**Task objective**
Nothing outside the stretch is wanted. Repeat exactly the lines of the listing below from the one that contains "Jaguar XF 2015" through the one that contains "A town on the Cornish coast", both ends included.

**Records for processing**
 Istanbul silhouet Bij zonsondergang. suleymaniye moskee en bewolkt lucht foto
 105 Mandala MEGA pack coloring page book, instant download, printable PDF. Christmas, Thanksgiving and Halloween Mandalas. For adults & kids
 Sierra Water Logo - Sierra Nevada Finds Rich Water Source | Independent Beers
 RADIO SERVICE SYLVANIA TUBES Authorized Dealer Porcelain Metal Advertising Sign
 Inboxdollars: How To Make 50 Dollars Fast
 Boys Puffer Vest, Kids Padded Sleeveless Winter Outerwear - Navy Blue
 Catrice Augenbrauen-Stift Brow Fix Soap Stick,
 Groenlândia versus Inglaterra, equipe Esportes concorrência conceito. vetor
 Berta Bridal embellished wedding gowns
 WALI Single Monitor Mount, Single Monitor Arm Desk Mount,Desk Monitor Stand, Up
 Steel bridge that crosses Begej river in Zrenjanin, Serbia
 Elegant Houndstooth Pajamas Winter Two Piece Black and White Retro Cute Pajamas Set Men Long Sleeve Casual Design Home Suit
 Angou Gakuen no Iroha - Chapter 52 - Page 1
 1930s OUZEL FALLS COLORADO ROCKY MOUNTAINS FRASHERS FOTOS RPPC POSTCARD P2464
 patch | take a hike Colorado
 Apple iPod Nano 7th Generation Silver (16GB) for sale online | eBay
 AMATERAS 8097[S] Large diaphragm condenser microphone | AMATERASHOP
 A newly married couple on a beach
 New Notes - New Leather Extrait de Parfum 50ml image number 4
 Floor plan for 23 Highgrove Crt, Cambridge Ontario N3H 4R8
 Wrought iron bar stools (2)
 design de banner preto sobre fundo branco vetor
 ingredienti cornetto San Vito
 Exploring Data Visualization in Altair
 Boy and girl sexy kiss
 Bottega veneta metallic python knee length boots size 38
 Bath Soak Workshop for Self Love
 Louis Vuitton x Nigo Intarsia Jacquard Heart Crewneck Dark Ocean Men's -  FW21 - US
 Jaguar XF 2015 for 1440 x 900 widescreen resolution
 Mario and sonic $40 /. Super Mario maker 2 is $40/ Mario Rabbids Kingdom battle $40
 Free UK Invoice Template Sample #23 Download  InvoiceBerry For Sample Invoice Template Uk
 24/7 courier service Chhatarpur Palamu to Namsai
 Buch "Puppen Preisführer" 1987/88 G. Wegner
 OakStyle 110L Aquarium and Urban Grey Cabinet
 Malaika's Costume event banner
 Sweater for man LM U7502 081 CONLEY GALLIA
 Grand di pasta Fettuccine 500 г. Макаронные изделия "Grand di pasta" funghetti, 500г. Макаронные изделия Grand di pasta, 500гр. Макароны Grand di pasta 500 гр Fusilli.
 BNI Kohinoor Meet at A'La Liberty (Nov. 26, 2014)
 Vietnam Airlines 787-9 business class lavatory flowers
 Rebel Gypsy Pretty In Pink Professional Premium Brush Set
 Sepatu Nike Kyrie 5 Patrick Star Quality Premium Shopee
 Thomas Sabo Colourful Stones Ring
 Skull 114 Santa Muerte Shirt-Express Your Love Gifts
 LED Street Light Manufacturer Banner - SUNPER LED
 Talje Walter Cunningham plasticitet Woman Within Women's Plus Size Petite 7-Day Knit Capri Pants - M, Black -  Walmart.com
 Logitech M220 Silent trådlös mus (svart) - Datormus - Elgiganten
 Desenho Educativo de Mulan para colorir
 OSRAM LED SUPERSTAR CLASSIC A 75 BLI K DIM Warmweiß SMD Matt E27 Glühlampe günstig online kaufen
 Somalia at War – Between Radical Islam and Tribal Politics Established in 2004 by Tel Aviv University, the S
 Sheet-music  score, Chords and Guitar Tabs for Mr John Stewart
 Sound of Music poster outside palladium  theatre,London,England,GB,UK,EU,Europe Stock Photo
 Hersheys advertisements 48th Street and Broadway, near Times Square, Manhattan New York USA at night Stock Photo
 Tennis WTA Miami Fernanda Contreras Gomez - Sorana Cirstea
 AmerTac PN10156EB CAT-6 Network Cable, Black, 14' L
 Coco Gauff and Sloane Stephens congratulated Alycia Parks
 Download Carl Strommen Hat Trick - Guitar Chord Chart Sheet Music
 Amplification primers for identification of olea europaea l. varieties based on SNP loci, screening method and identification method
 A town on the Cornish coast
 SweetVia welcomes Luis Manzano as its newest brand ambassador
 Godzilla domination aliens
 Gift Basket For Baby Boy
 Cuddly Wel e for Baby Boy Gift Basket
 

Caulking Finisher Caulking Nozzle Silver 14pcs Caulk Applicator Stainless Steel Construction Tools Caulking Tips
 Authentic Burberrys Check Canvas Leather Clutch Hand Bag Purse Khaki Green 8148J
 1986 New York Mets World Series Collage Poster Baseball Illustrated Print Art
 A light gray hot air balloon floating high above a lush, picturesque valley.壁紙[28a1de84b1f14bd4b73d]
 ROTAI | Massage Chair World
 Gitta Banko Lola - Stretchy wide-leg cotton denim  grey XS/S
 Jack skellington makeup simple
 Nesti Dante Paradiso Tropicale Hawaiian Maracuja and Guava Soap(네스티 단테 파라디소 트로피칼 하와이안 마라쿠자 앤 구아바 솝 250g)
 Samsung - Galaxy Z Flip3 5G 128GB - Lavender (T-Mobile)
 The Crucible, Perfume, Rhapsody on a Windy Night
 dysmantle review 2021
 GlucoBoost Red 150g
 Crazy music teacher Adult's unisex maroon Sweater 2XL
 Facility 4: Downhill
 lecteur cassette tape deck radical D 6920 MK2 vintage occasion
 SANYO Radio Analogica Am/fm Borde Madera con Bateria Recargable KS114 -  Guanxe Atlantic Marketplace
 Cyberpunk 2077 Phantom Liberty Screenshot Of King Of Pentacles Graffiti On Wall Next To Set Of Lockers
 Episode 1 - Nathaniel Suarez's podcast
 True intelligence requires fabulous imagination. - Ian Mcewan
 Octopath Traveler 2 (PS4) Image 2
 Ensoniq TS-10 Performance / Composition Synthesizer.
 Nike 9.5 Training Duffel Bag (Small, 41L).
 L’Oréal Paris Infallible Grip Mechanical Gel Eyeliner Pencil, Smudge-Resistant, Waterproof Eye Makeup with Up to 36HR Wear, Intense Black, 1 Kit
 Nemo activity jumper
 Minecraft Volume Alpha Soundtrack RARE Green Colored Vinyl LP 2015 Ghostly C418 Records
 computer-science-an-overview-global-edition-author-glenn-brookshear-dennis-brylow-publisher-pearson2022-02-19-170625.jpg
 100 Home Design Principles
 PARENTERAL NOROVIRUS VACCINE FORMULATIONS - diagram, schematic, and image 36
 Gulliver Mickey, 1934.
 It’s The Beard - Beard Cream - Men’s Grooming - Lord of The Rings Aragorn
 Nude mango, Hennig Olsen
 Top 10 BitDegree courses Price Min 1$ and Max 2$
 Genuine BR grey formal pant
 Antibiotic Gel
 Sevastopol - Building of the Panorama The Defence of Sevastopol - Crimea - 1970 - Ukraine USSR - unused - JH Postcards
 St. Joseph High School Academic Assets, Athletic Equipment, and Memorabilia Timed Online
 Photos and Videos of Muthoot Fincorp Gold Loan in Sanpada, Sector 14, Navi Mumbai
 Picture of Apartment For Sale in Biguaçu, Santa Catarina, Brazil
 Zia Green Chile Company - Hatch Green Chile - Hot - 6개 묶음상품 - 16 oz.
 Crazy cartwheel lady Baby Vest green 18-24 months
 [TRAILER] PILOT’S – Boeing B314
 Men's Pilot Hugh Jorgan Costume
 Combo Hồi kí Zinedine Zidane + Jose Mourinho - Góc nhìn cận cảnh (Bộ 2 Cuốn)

**Written response**
 Jaguar XF 2015 for 1440 x 900 widescreen resolution
 Mario and sonic $40 /. Super Mario maker 2 is $40/ Mario Rabbids Kingdom battle $40
 Free UK Invoice Template Sample #23 Download  InvoiceBerry For Sample Invoice Template Uk
 24/7 courier service Chhatarpur Palamu to Namsai
 Buch "Puppen Preisführer" 1987/88 G. Wegner
 OakStyle 110L Aquarium and Urban Grey Cabinet
 Malaika's Costume event banner
 Sweater for man LM U7502 081 CONLEY GALLIA
 Grand di pasta Fettuccine 500 г. Макаронные изделия "Grand di pasta" funghetti, 500г. Макаронные изделия Grand di pasta, 500гр. Макароны Grand di pasta 500 гр Fusilli.
 BNI Kohinoor Meet at A'La Liberty (Nov. 26, 2014)
 Vietnam Airlines 787-9 business class lavatory flowers
 Rebel Gypsy Pretty In Pink Professional Premium Brush Set
 Sepatu Nike Kyrie 5 Patrick Star Quality Premium Shopee
 Thomas Sabo Colourful Stones Ring
 Skull 114 Santa Muerte Shirt-Express Your Love Gifts
 LED Street Light Manufacturer Banner - SUNPER LED
 Talje Walter Cunningham plasticitet Woman Within Women's Plus Size Petite 7-Day Knit Capri Pants - M, Black -  Walmart.com
 Logitech M220 Silent trådlös mus (svart) - Datormus - Elgiganten
 Desenho Educativo de Mulan para colorir
 OSRAM LED SUPERSTAR CLASSIC A 75 BLI K DIM Warmweiß SMD Matt E27 Glühlampe günstig online kaufen
 Somalia at War – Between Radical Islam and Tribal Politics Established in 2004 by Tel Aviv University, the S
 Sheet-music  score, Chords and Guitar Tabs for Mr John Stewart
 Sound of Music poster outside palladium  theatre,London,England,GB,UK,EU,Europe Stock Photo
 Hersheys advertisements 48th Street and Broadway, near Times Square, Manhattan New York USA at night Stock Photo
 Tennis WTA Miami Fernanda Contreras Gomez - Sorana Cirstea
 AmerTac PN10156EB CAT-6 Network Cable, Black, 14' L
 Coco Gauff and Sloane Stephens congratulated Alycia Parks
 Download Carl Strommen Hat Trick - Guitar Chord Chart Sheet Music
 Amplification primers for identification of olea europaea l. varieties based on SNP loci, screening method and identification method
 A town on the Cornish coast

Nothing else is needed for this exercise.